Need guidance understanding delta sigma conveters

[L.A.W.]

I need some help understanding Delta Sigma data converters.

Suppose I have a 16 bit delta sigma ADC, a sampling clock at 100kHz and an oversampling ratio of 64. I want to calculate samples per second.

A 16 bit converter requires 2^N clocks; 65536 clocks in this case. If my sampling frequency is 1ookHz and the OSR is set to 64 then I am sampling at 6.4MHz.

Samples per second would be 6.4MHz/2^16 or 97.65 samples per second.

Am I correct in my thinking?

 

[FvM]

Samples per second would be 6.4MHz/2^16 or 97.65 samples per second.

The calculation would be right for a simple PWM DAC. SD works different. 16-Bit resolution can be achieved with lesser pulses per sample according to the SD noise-shaping characteristic.

 

[L.A.W.]

The calculation would be right for a simple PWM DAC. SD works different. 16-Bit resolution can be achieved with lesser pulses per sample according to the SD noise-shaping characteristic.

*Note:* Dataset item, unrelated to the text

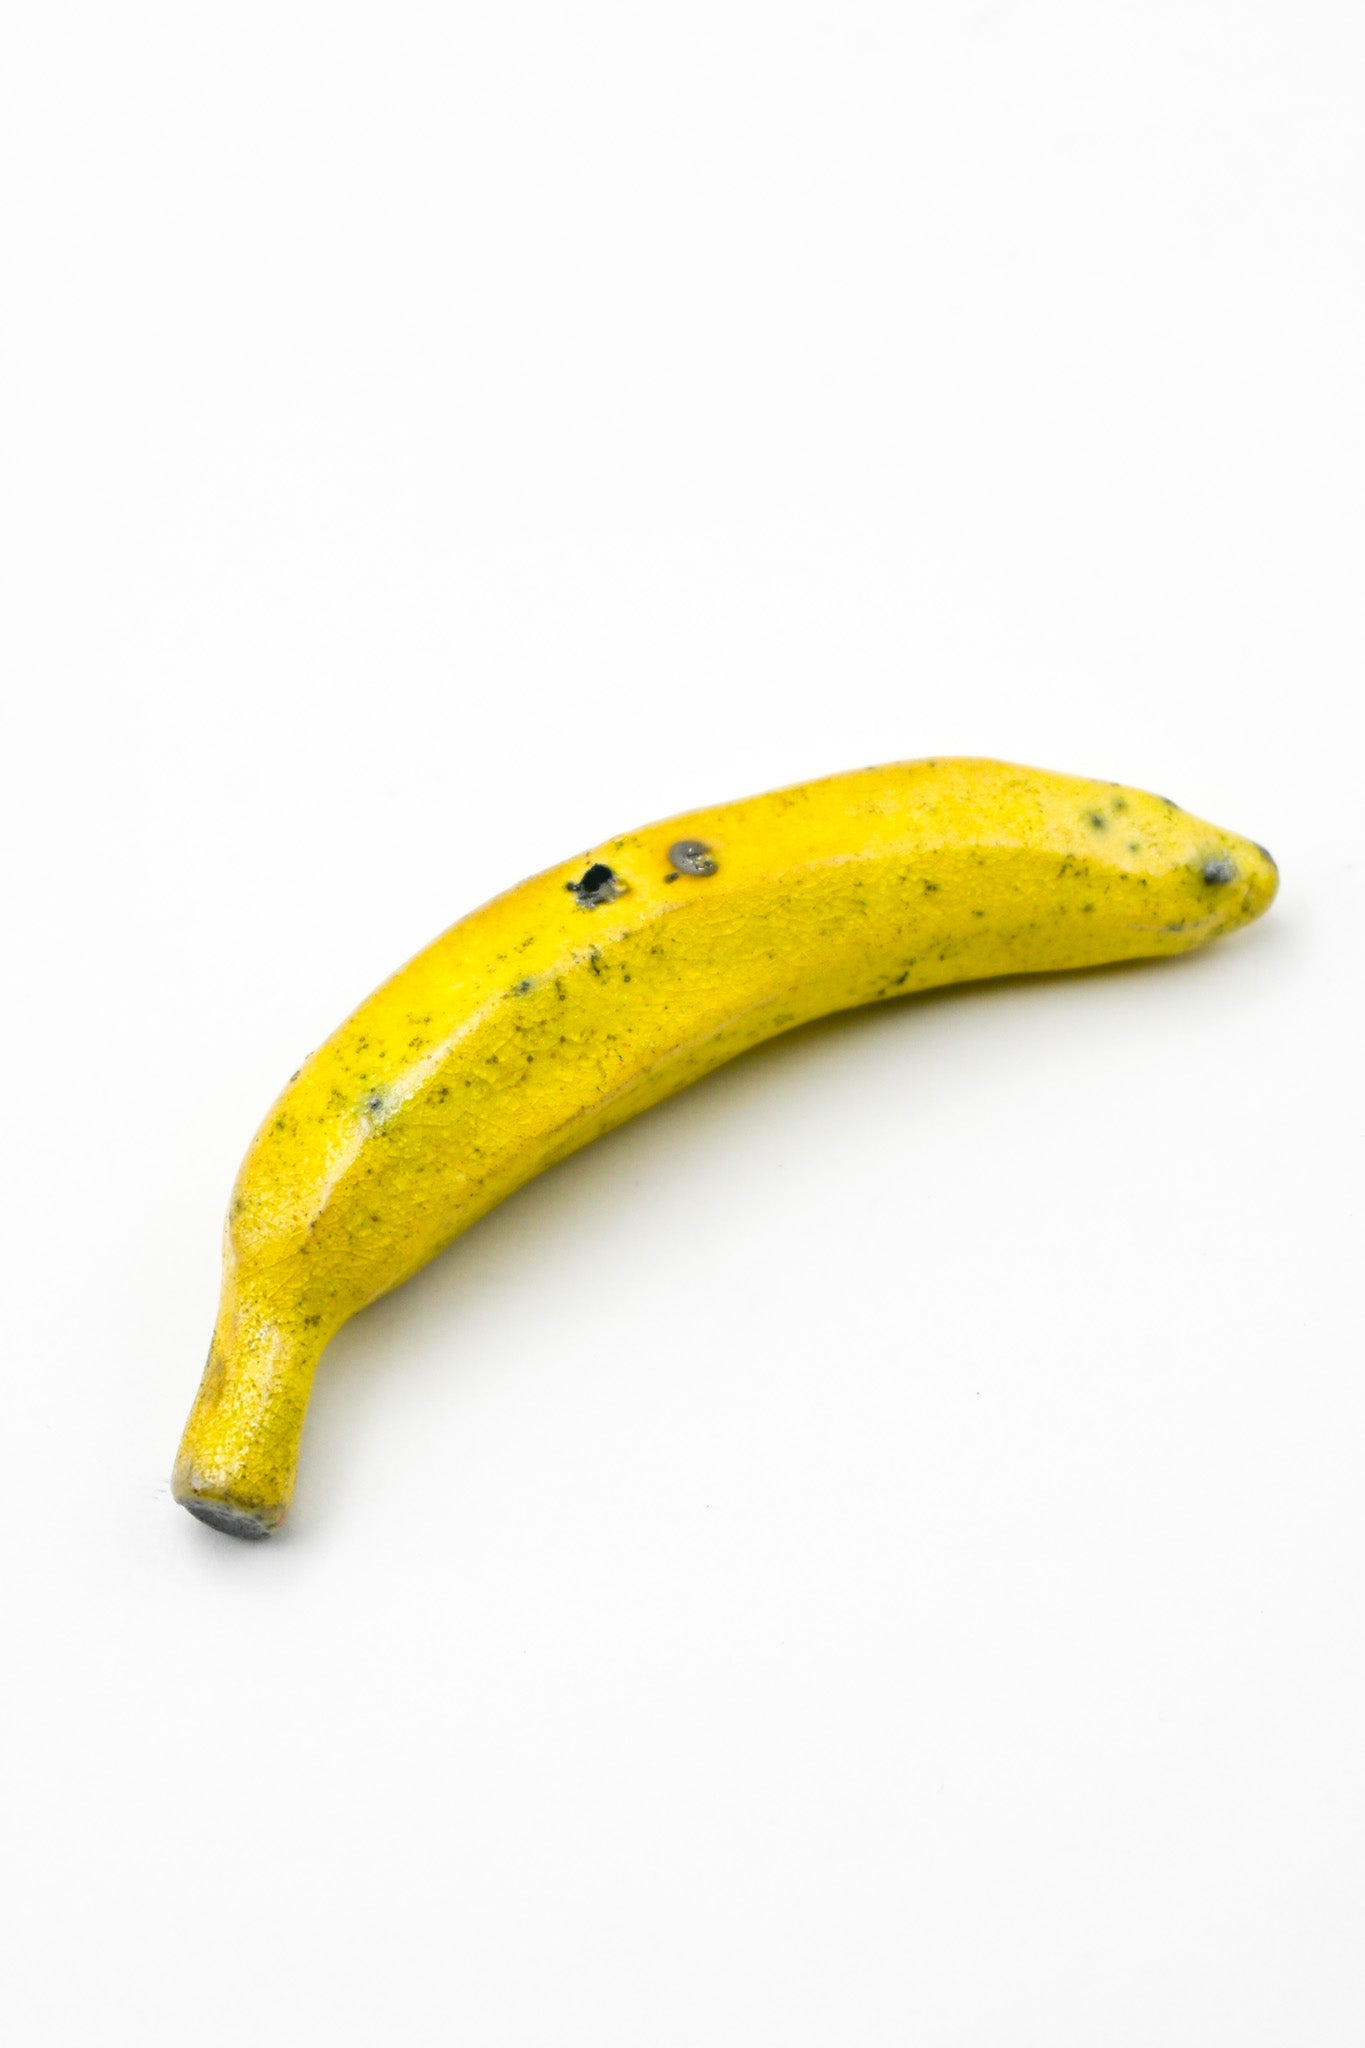 Raku Fired Banana
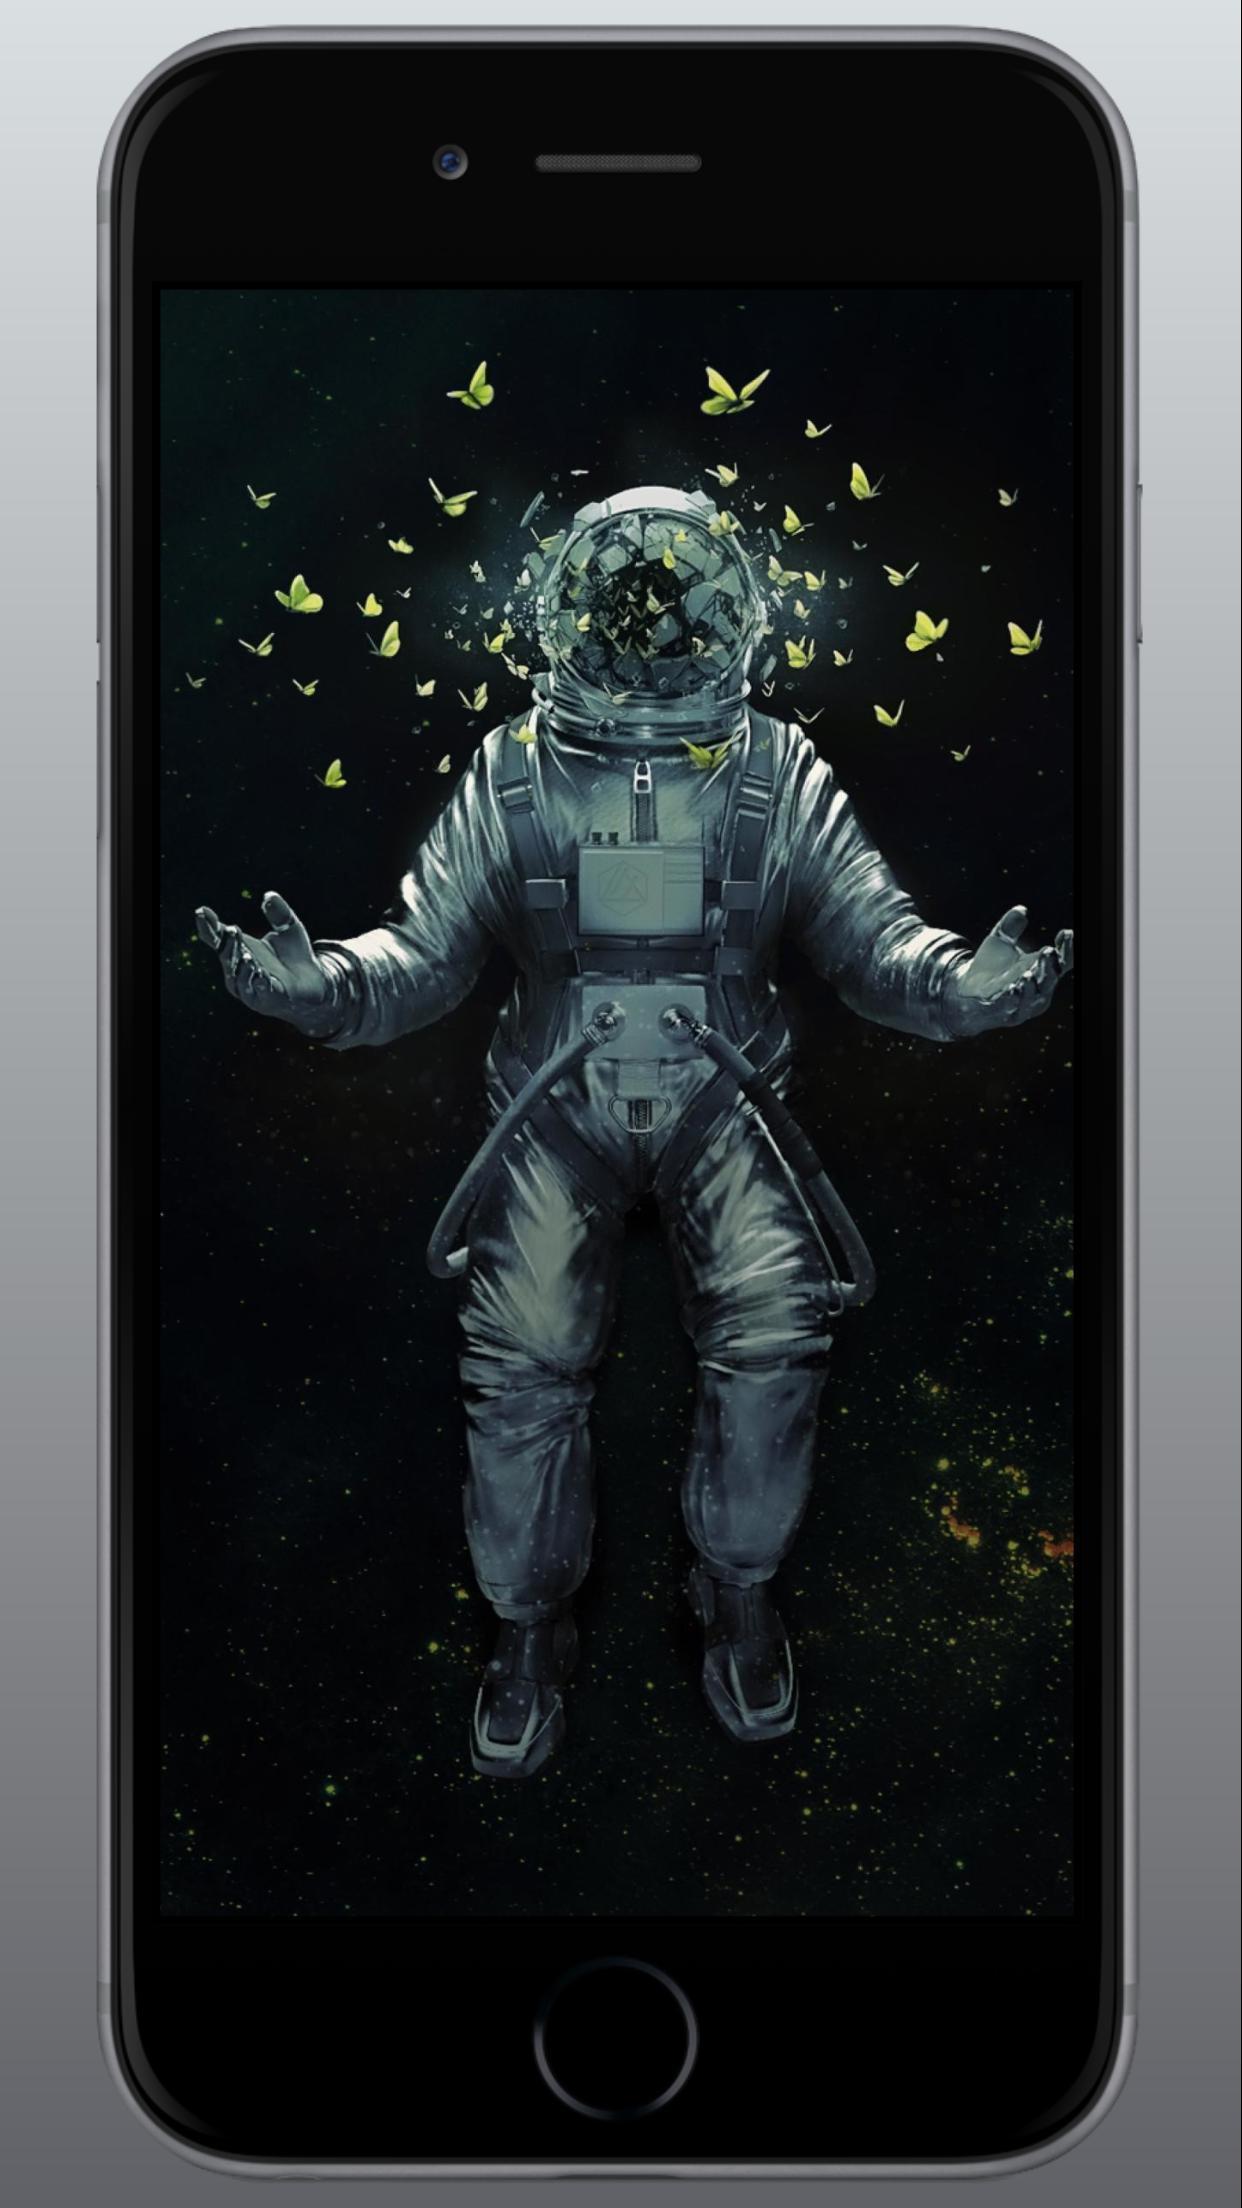 Astronaut Wallpaper 3d 4k For Android Apk Download O video 4k astronauta na sala cheia de computadores usando tela sensivel ao toque pode ser usado para fins pessoais e comerciais de acordo com as condicoes da licenca adquirida sem royalties. astronaut wallpaper 3d 4k for android

Well, at least I got something right. :smile:

Then perhaps I should ask another way, because none of the literature I find clarifies it for me. I would like to know the necessary clock frequency (sampling frequency) of a delta sigma if it is 16 bits and I want 256 samples per second.
My inclination is that for every bit there needs to be a clock; so 16 bits will be 2^16 clocks, so I am trying to back calculate as in my previous post.

 

[FvM]

To get a rough idea how a SD-modulator changes the calculation, take a look at the inband-noise versus oversampling ratio diagram. The figure is taken from Delta-Sigma Data Converters - Theory, Design and Simulation by Norsworthy, Schreier, Temes, which would be my suggestion for further reading. The L=0 line corresponds to your calculation in post #1.